169 lines (152 loc) · 4.18 KB

Creating a schema

A schema describes the data in a table. A schema consists of several fields. A field has a name and a type, e.g. a field with name 'id' and type 'string'. A schema has three types of field: row keys, sort keys and values.

See a full example for an example of a schema.

For example, a simple key-value schema with a string key and a string value would allow rows to be retrieved by querying for a key. The schema for this would be:

    {
      "rowKeyFields": [
        {
          "name": "key",
          "type": "StringType"
        }
      ],
      "sortKeyFields": [],
      "valueFields": [
        {
          "name": "value",
          "type": "StringType"
        }
      ]
    }

Note that if there are no sort or value fields then this must be indicated with an empty list.

If we wanted to sort the rows for a particular field by a timestamp, we could add a sort field of type long:

    {
      "rowKeyFields": [
        {
          "name": "key",
          "type": "StringType"
        }
      ],
      "sortKeyFields": [
        {
          "name": "timestamp",
          "type": "LongType"
        }
      ],
      "valueFields": [
        {
          "name": "value",
          "type": "StringType"
        }
      ]
    }

This would cause rows for a particular key to be stored (and retrieved) in increasing order of timestamps.

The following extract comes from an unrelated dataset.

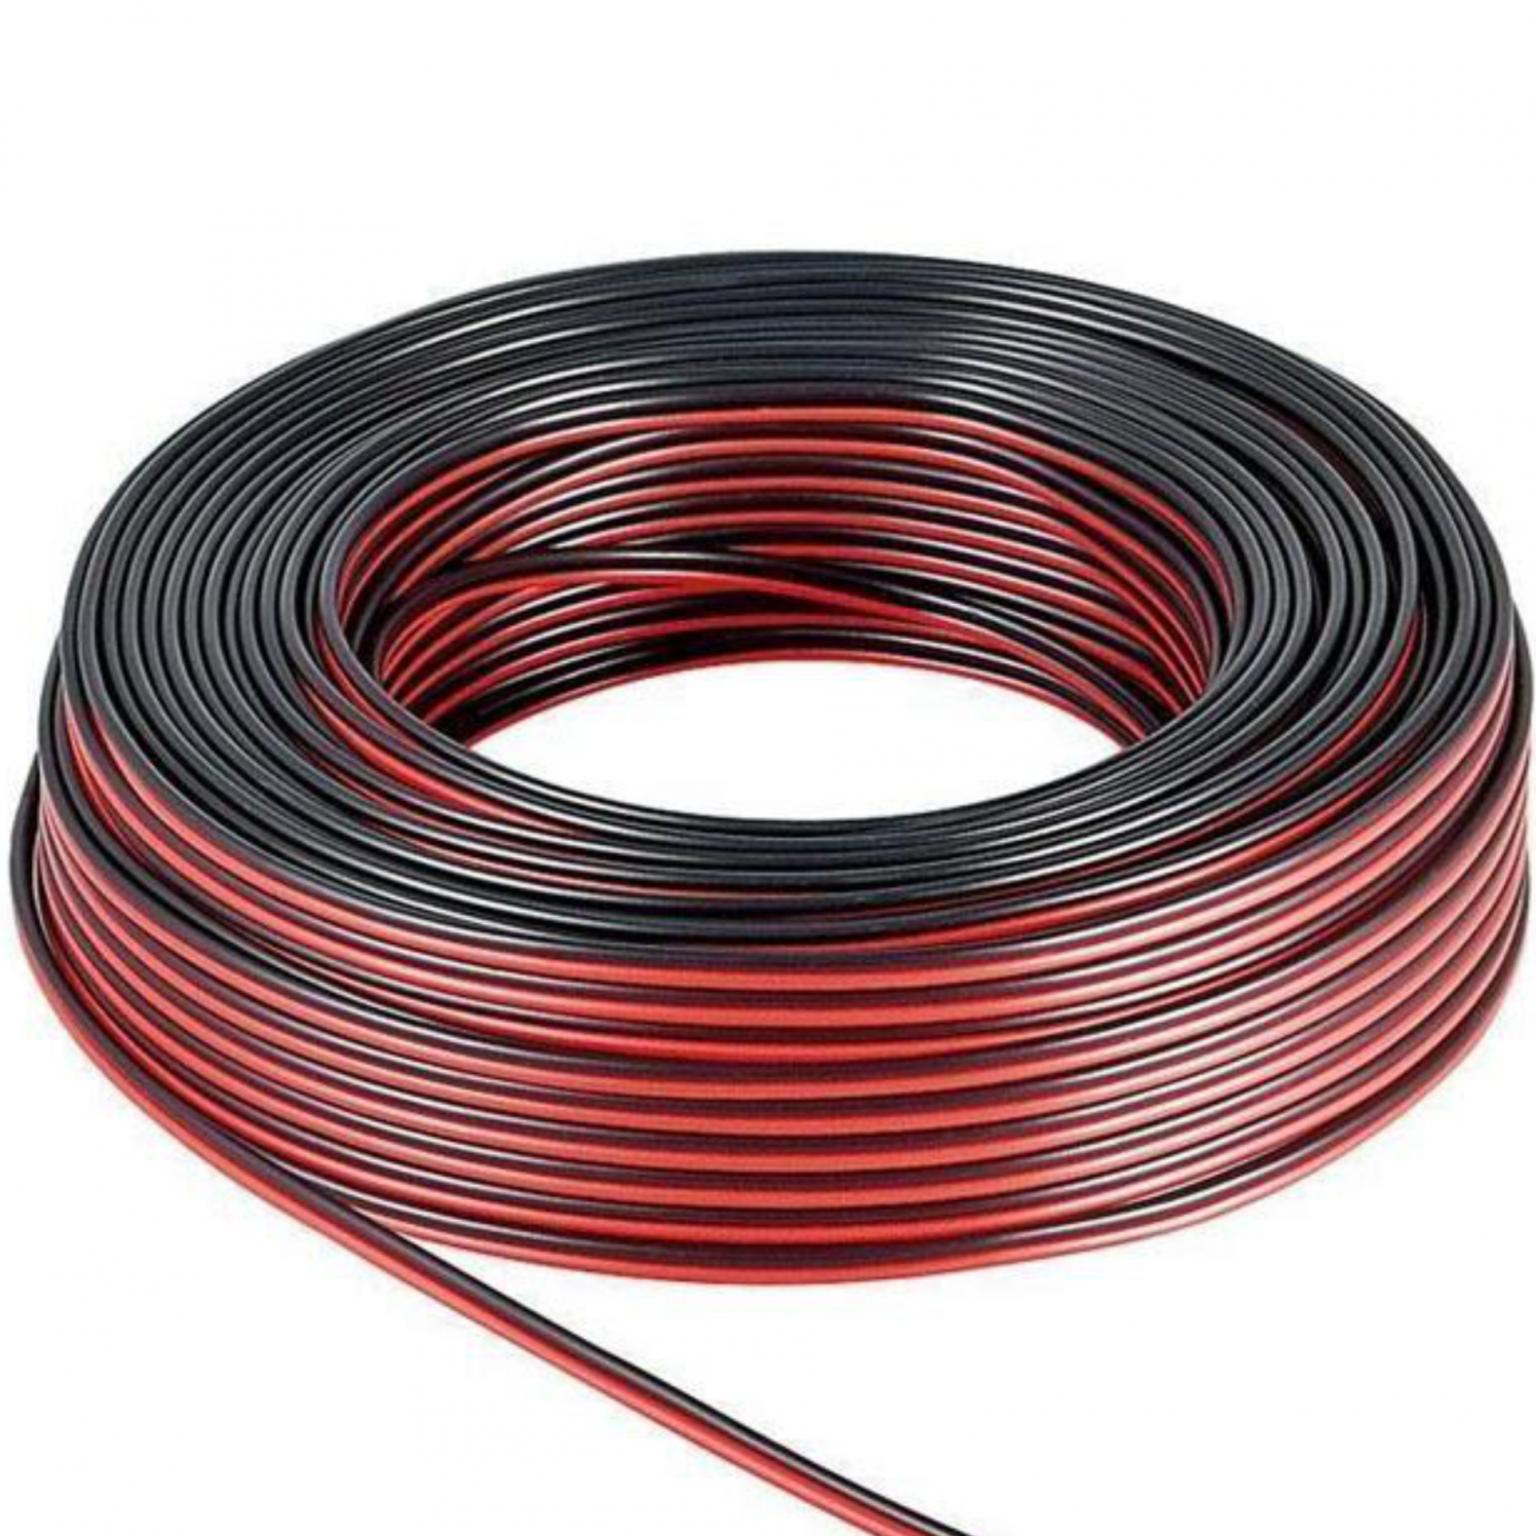 Image of Loudspeaker cable red/black CCA 50 m roll, cable diameter 2 x 1,5 mm?
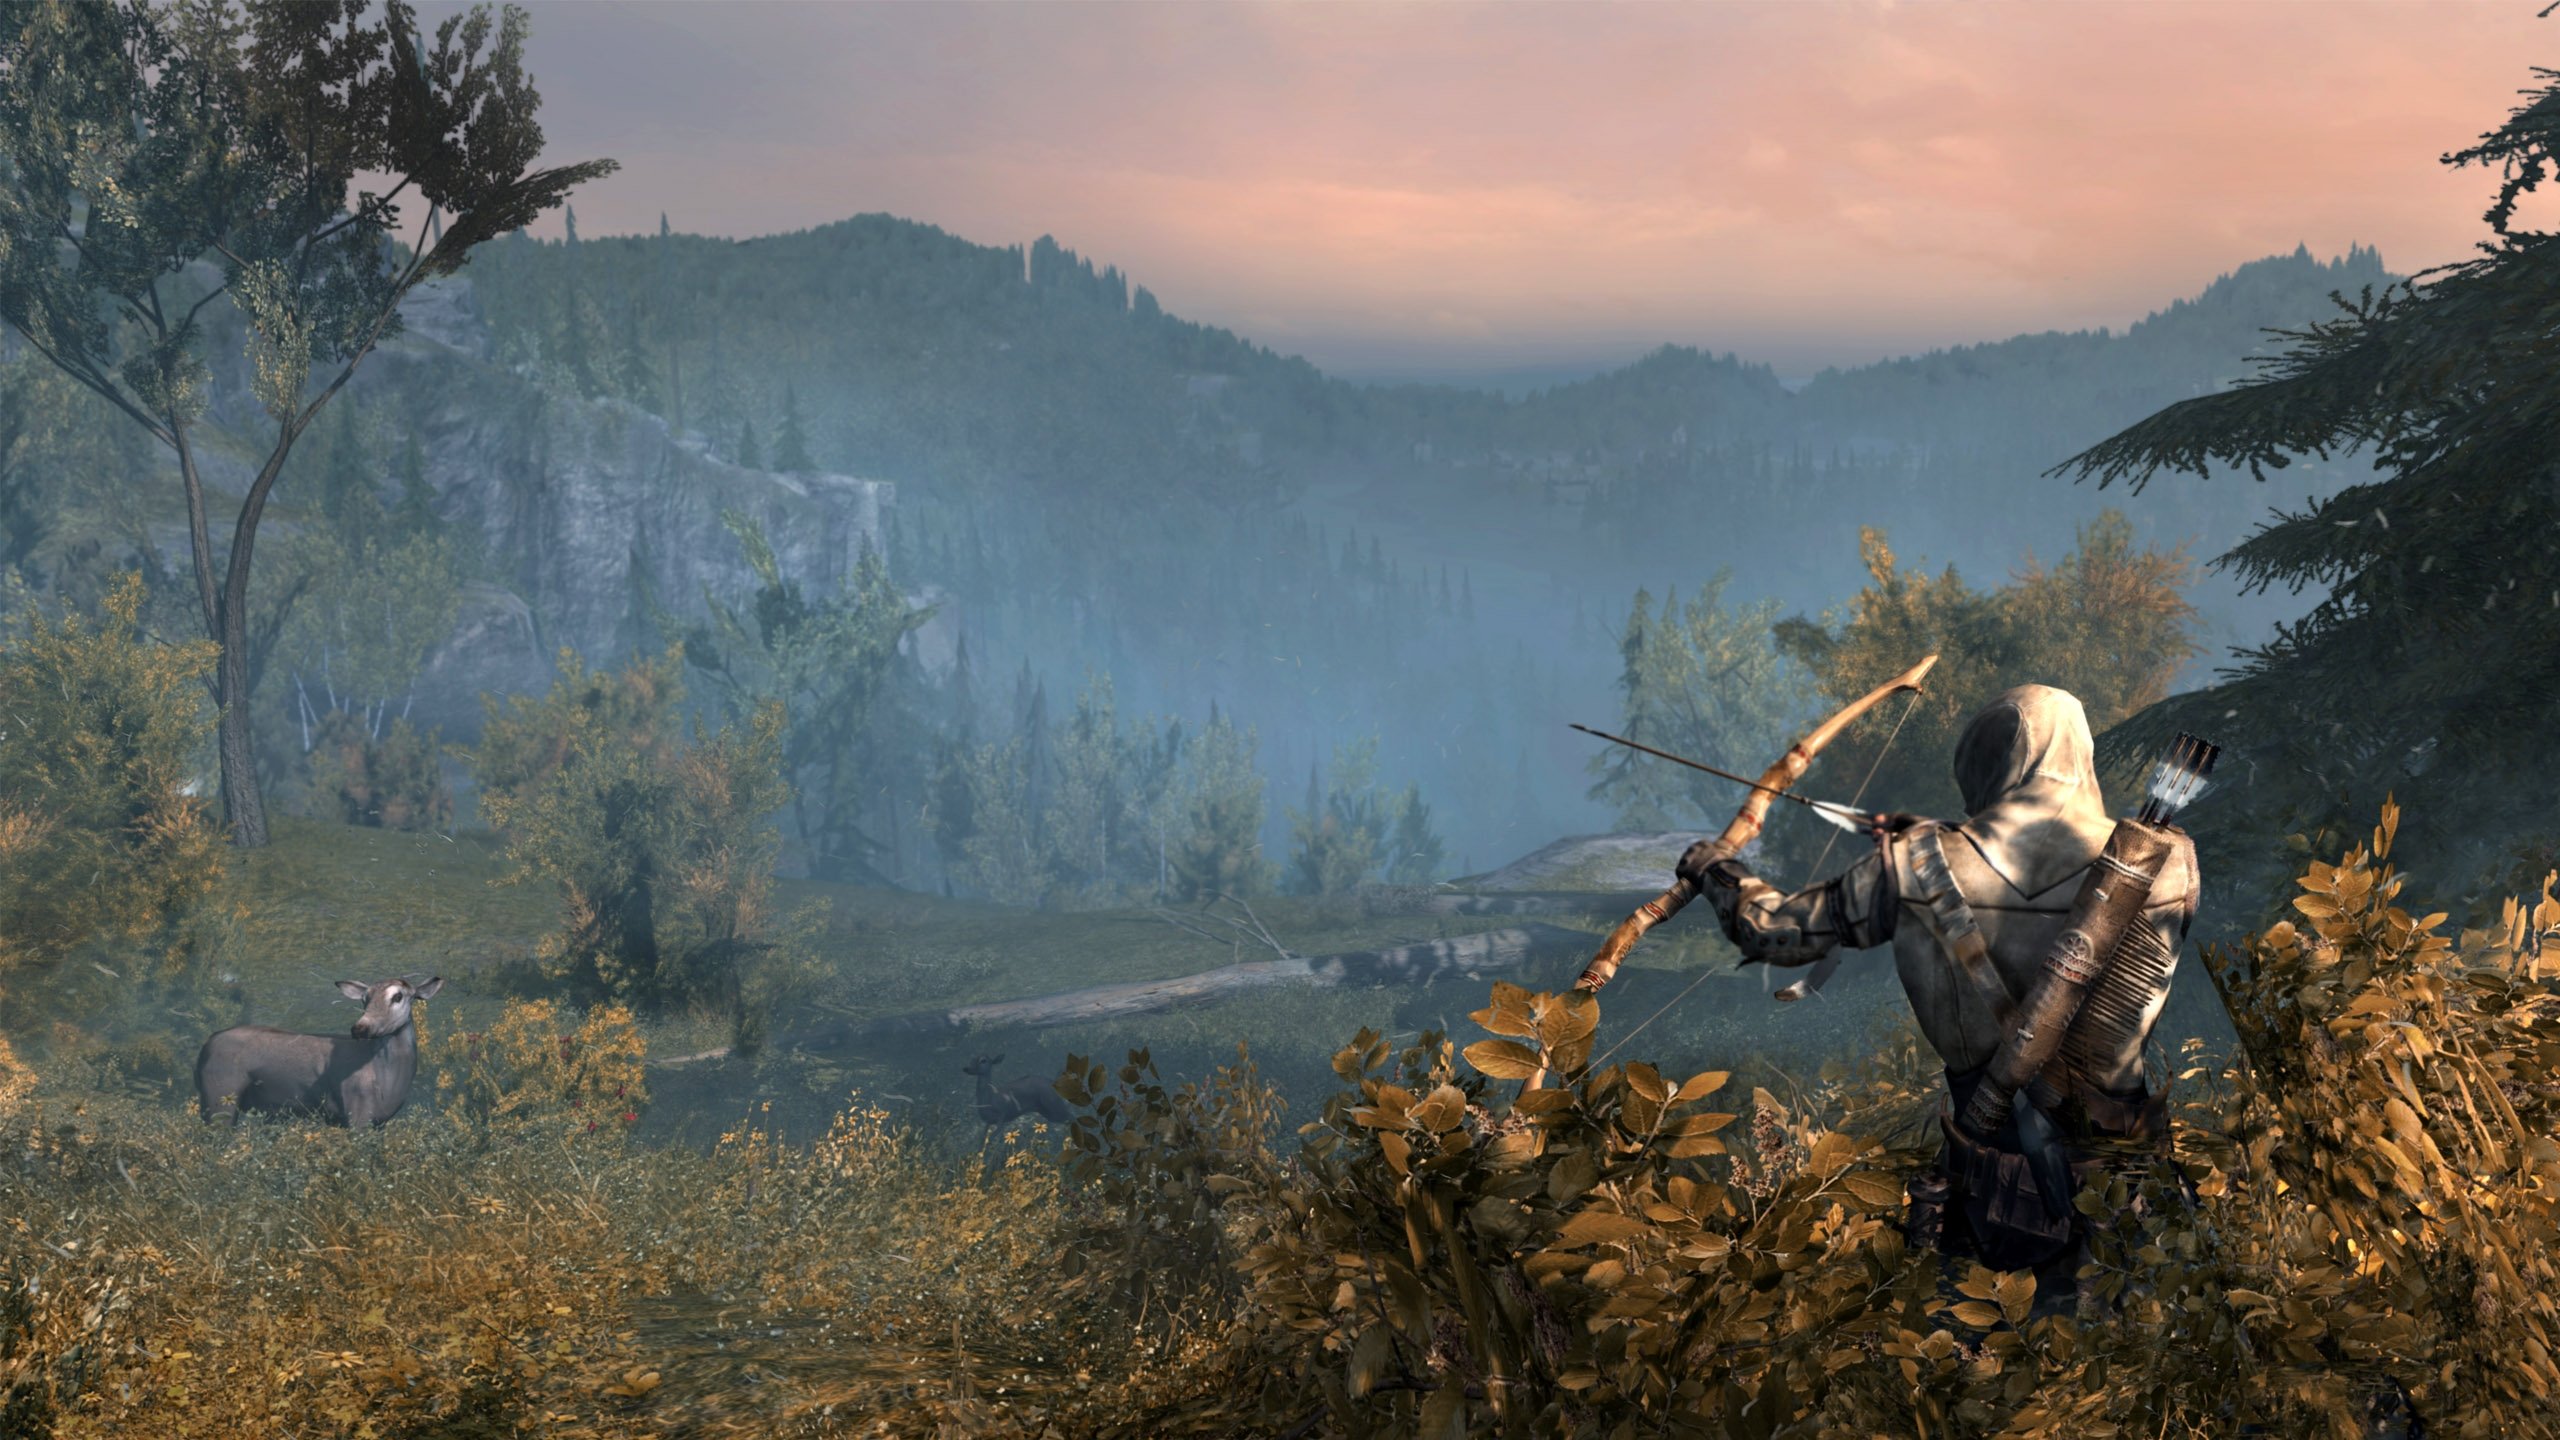 Archery Archer Bow Arrow Hunting Weapon Assassins Creed Wallpaper

The following types are permitted as row keys and sort keys: IntType, LongType, StringType, ByteArrayType. All of these types can be used for values. Additionally, value fields may be of type ListType or MapType. Here is an example schema where there are several value fields:

    {
      "rowKeyFields": [
        {
          "name": "key",
          "type": "StringType"
        }
      ],
      "sortKeyFields": [
        {
          "name": "timestamp",
          "type": "LongType"
        }
      ],
      "valueFields": [
        {
          "name": "value1",
          "type": "StringType"
        },
        {
          "name": "value2",
          "type": "ByteArrayType"
        },
        {
          "name": "value3",
          "type": {
            "ListType": {
              "elementType": "IntType"
            }
          }
        },
        {
          "name": "value4",
          "type": {
            "MapType": {
              "keyType": "IntType",
              "valueType": "StringType"
            }
          }
        }
      ]
    }

The field with name value3 is a list with integer elements. The field with name value4 is a map with integer keys and string values.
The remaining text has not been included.